Time Series Meets Batch Macros

Time is a crucial aspect that must be addressed in our models, whether we are predicting the trend in financial markets or electricity use. For example, it would be useful to estimate when the peak demand of electricity will occur during the day to modify the price or output of electricity. Time series analysis is a specific way of analyzing a sequence of data points collected over an interval of time.

Many time series care only about the sum of all demand, or all sales.  However, other use cases need to predict individual behavior – per customer – so that tailored incentives can be offered.  (For example, offering a bonus only if the purchases exceed what they would have likely bought without the incentive.)  For that, you can build a macro that carries out the processes repeatedly.

 

What makes a time series?

Any data that can be tracked and collected over time!

  • Over a continuous time interval
  • Of sequential measurements across the time interval
  • Using equal spacing between every two measurements
  • Each time unit having at most one data point

Time Series Analysis in Alteryx

Alteryx comes pre-loaded with seven time series tools. We can use these tools to study and analyze a time series before creating a forecast model.

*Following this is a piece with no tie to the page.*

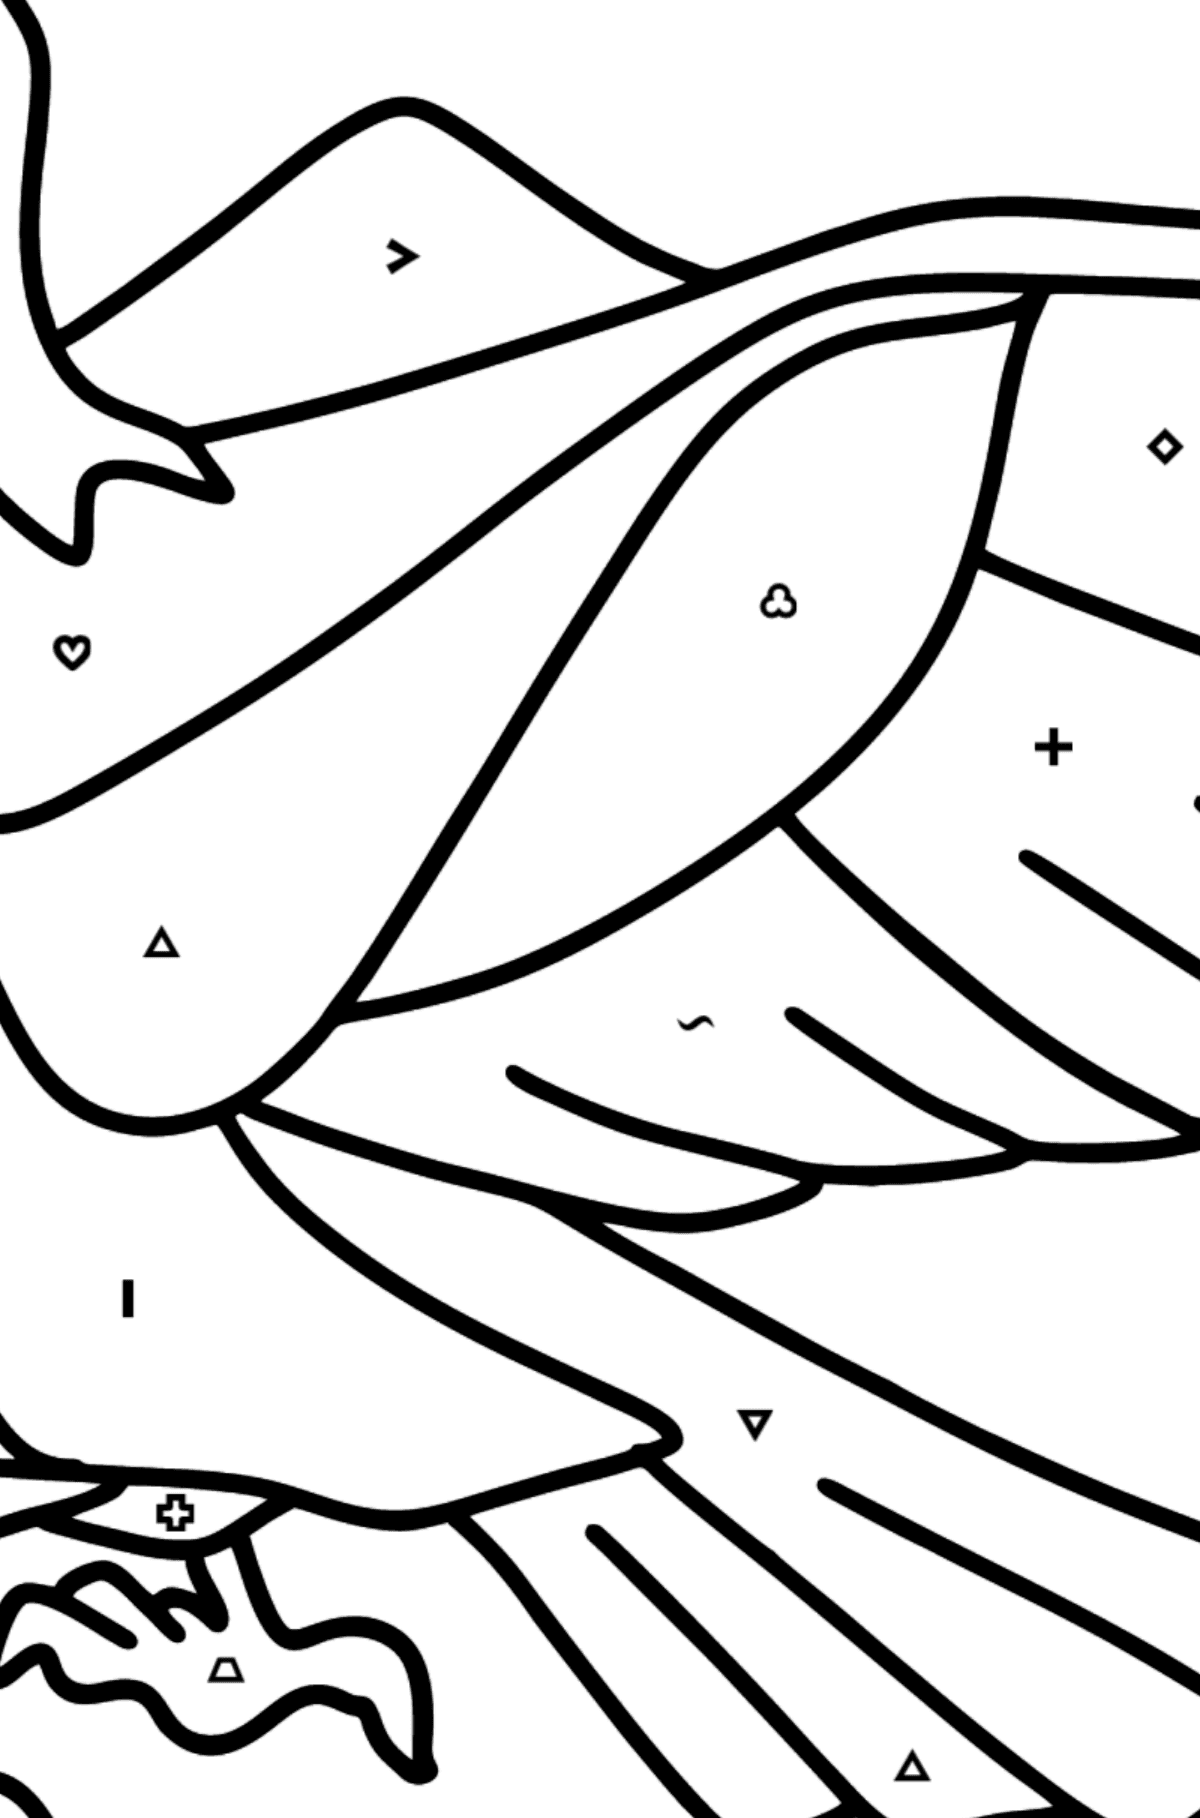 Beautiful Eagle coloring page - Coloring by Symbols and Geometric Shapes for Kids

For the purposes of this blog, we will go over several of them in more detail.

There are two types of models that Alteryx offers: ARIMA and ETS. ARIMA uses an autoregressive integrated moving average and ETS uses an exponential smoothing method.

  • Make sure there is no missing data prior to analysis – Of course data is not perfect and there may be instances in which you may have some empty periods. Ideally, you would want all periods filled to get the most accurate prediction of future data
  • Run both models next to each other to see which has lower error – This is done by using the Alteryx tool TS Compare.
    • TS Compare evaluates one or more time series created using either the ARIMA or ETS tools
  • Build the model with a TS Forecast
    • TS Forecast generates forecasts for a set number of future periods from an ARIMA or ETS model

 

The Use Case

You are working for a major airline company, and you want to evaluate the frequent travelers’ part of your proprietary traveler program.  You want to provide incentives for your most profitable travelers to reach specific thresholds tailored to each individual. You need to start this analysis by predicting the next three months of airline miles for some of the airline’s highest frequent travelers.

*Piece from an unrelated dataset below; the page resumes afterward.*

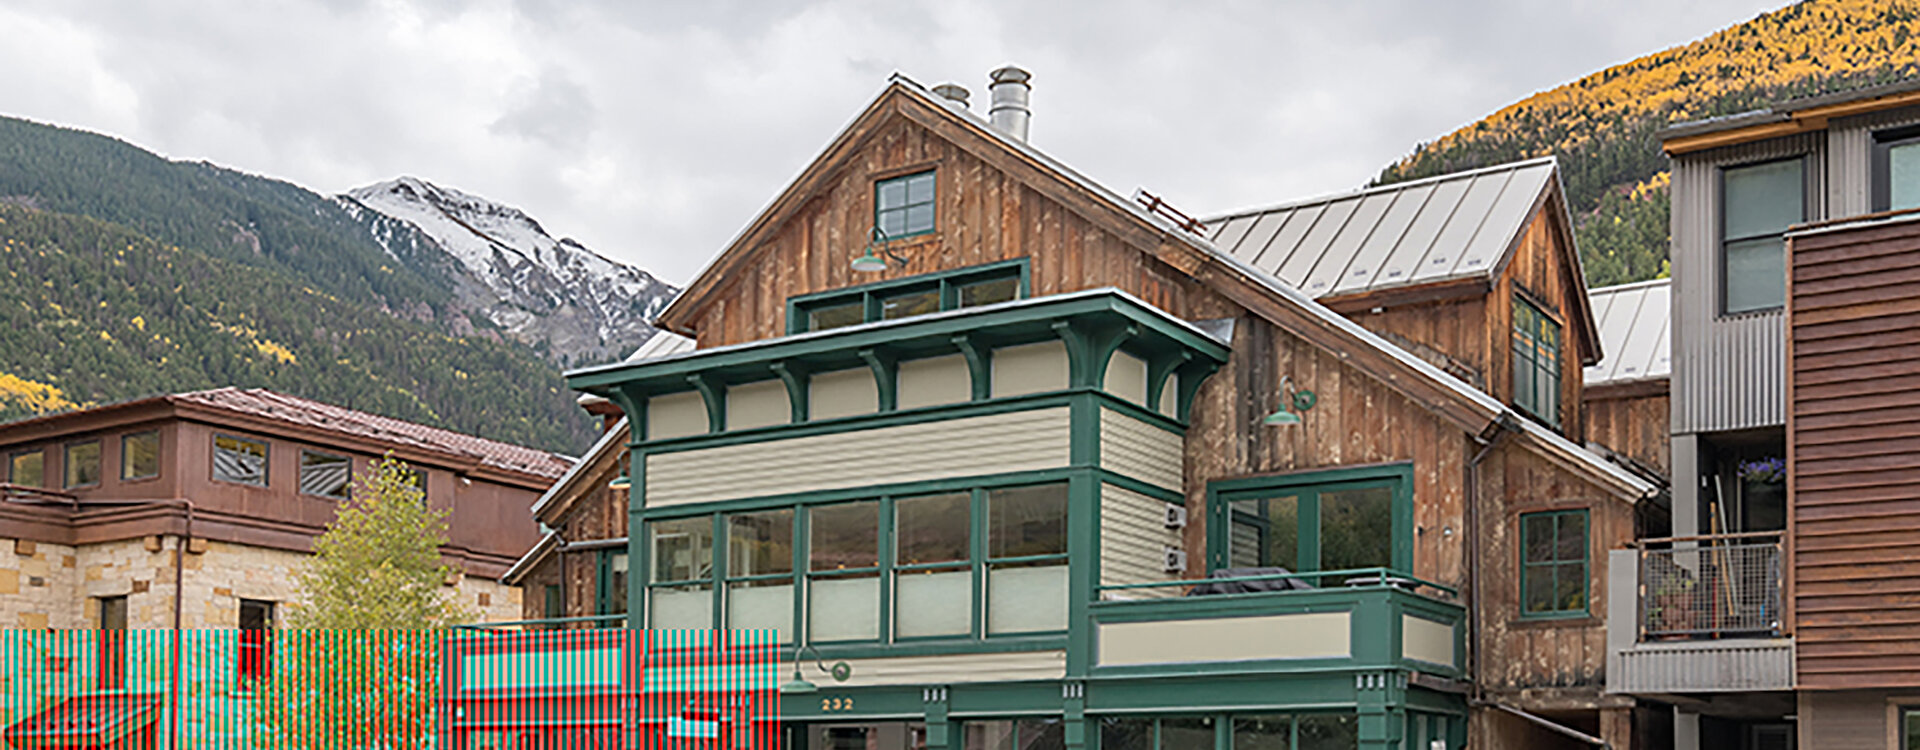 15-Telluride-Pacific-Place-Too-Front-Exterior-Inntopia-Web

The first step is to gather three years’ worth of data per traveler per month. How did I come up with three years? You want as much of a sample size as possible for the time series model to provide an accurate prediction.

The first part of this effort is to prepare the travelers’ data for it to be sent into a time series model. The data is organized in a horizontal fashion like the screen capture below.

We need to transpose this data so that the time series model can accept the data. After we transpose the data, we separate the data by month and attach a month end date to each entry.

 

Now that data is organized properly, we need to send each traveler’s data into the time series model. To do that, we need to create a batch macro that would perform the time series analysis to predict the next three months of mileage output per traveler.

 

So, if your last collection of data is from Oct 2021, the next three months’ worth of data would be Nov 2021, Dec 2021, and Jan 2022. Let’s look at part of the batch macro that handles this.

 

This portion of the macro illustrates how a single traveler’s data is sent to the ETS model. From there, the TS Forecast tool is used to predict the three months of mileage data. Configuring the TS Forecast tool is very simple. You provide a name for the forecast. I kept it simple by just calling it forecast. Then, you need to decide the confidence bounds you want to show, and the number of periods to create a forecast for. I wanted to have a large and small confidence interval, so I left the default values of 95 and 80 percent, respectively. Since we are looking to predict three months, I selected 3 for the periods. This will result in four fields being created: Forecast_High_95, Forecast_High_80, Forecast_Low_95, and Forecast_Low_80.

 

The top stream takes the Traveler ID. The second stream gathers the predicted monthly airline miles. The lower stream finds the latest month end date of data. That gets appended to the predicted values and, eventually, appended to the Traveler ID.

When the macro is completed, three rows of data with the following fields are returned to the primary workflow: Traveler ID, Predicted Date, Forecast_High_95, Forecast_High_80, Forecast_Low_95, Forecast_Low_80, Airline Miles Forecast.

Performing time series can be a labor intensive within Alteryx because R is opened for every frequent traveler in your dataset. Leave some time and some space on your hard drive to execute a large dataset of travelers or any other use case that you might find that is like this one.